Um julgamento do Pleno de um Tribunal pode ter a participação de 25 desembargadores. Tem sentido um divergente e vencido voto durar 45 ou 60 minutos? Quanto se gasta em dinheiro mantendo tantas pessoas, incluindo servidores, por uma hora? Faça-se o cálculo pelos vencimentos dos envolvidos e veja-se quão dispendioso pode ser um voto inútil.

Uma Câmara (ou Turma) julga e a secretaria publica depois o acórdão no DJ. Isto pode ser feito eletronicamente de forma direta, uma via vai direto ao DJ. Quanto tempo e trabalho se economiza com uma medida simples como esta?

O voto pode ser disponibilizado previamente aos membros da Câmara ou Turma e estes destacarem aqueles nos quais discordam. No dia do julgamento só estes entram em discussão. Tem sentido proceder-se como antes, cada relator lendo relatório e voto? Isto deve ficar restrito a casos de divergência ou sustentação oral.

O relator emite seu voto e os demais julgadores concordam. Tem sentido alguém ficar justificando longo tempo a mesma conclusão? Para quê?
O caso a ser julgado é de matéria totalmente pacificada pela jurisprudência (fato comum nos TRFs). É razoável o advogado fazer sustentação oral, sabendo de antemão que se sairá vencedor?

Tribunais exercem a administração da Justiça. Decidem remoções, promoções, férias, licenças, vantagens pecuniárias, processos disciplinares e outros assuntos de juízes e servidores. Tem sentido a cada caso perder-se tempo com longa análise e voto? Não é mais simples fazer súmulas administrativas para as situações mais usuais? Não fica mais transparente e seguro?

Nos congressos ou seminários, será tão difícil começar e terminar na hora marcada? Será necessário cada um que se apresenta saudar um a um que se acha no evento? Esta perda de tempo tem justificativa em 2010?

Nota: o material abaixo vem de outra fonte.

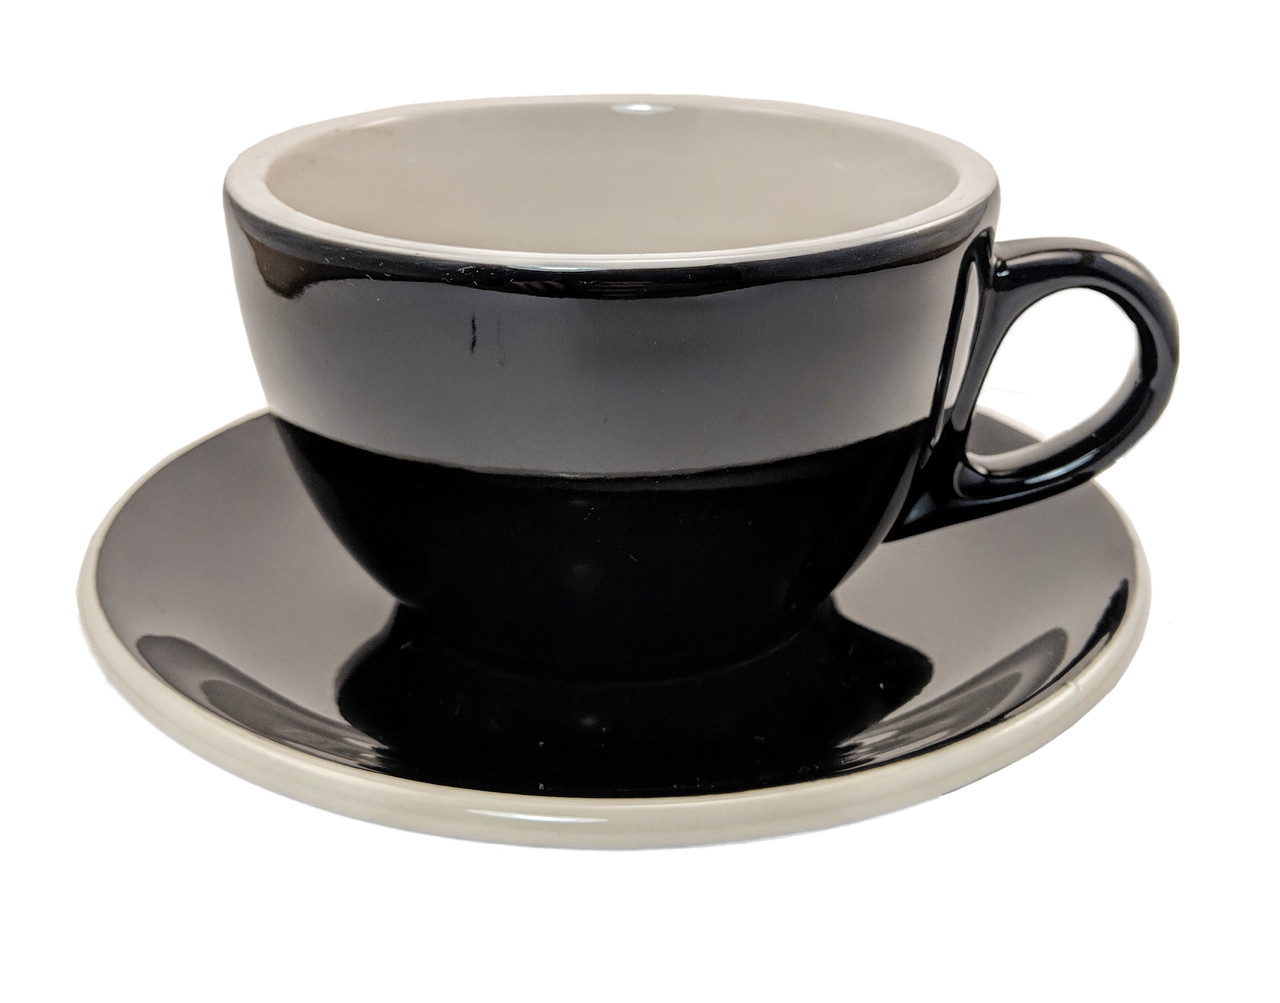 Revolution Classic Cup & Saucer Set, Black

Podendo enviar cartas de ordem (ou precatórias) eletrônicas, faz sentido mandá-las impressas? Quanto tempo se perde imprimindo, pondo no envelope e levando ao correio? Ademais, se vários Juízos dispõem de vídeo-conferência, será preciso deprecar? O desembargador (ou juiz do processo) não pode ouvir alguém no Fórum de outra cidade?

Os processos em que intervêm órgãos públicos (v.g. MPF, INSS e PFN) vão e voltam diariamente em veículos, com perda de tempo (carga, assinaturas, etc.) e despesas (pessoal e combustível). Será tão difícil alguém tomar ciência na secretaria e pedir que remetam-se apenas os casos que exigem exame mais profundo? Isto diminui a pessoa? A instituição?

Os processos agora são eletrônicos. Só que para abri-los é preciso clicar em cada item. Então, examina-se a inicial, mas é necessário abrir outros itens que correspondem a documentos ou decisões. Na dá para fazer como os modernos livros eletrônicos, cujas páginas viram? Quanto tempo se perde clicando aqui e ali? Quem paga?

Tem sentido um voto divergente que, teimosamente, se opõe à jurisprudência consolidada do STF ou STJ? Não é mais fácil aderir à tese vencedora, ainda que justificando a posição? Quanto tempo e dinheiro se gastará pelo capricho da divergência inconsequente, à espera de definição em embargos infringentes?

Em suma, muitos são os atos que estão a merecer revisão de postura. Administrar bem o tempo significa mais eficiência, menos despesas, melhor atendimento ao consumidor (público) e possibilidade de aproveitar melhor o dia. É assunto a ser introduzido nos Tribunais, não é matéria de Direito mas é essencial à efetividade da Justiça. Mãos à obra.
Vladimir Passos de Freitas é desembargador federal aposentado do TRF 4.ª Região, onde foi presidente, e professor doutor de Direito Ambiental da PUC-PR. Artigo publicado na Revista Consultor Jurídico.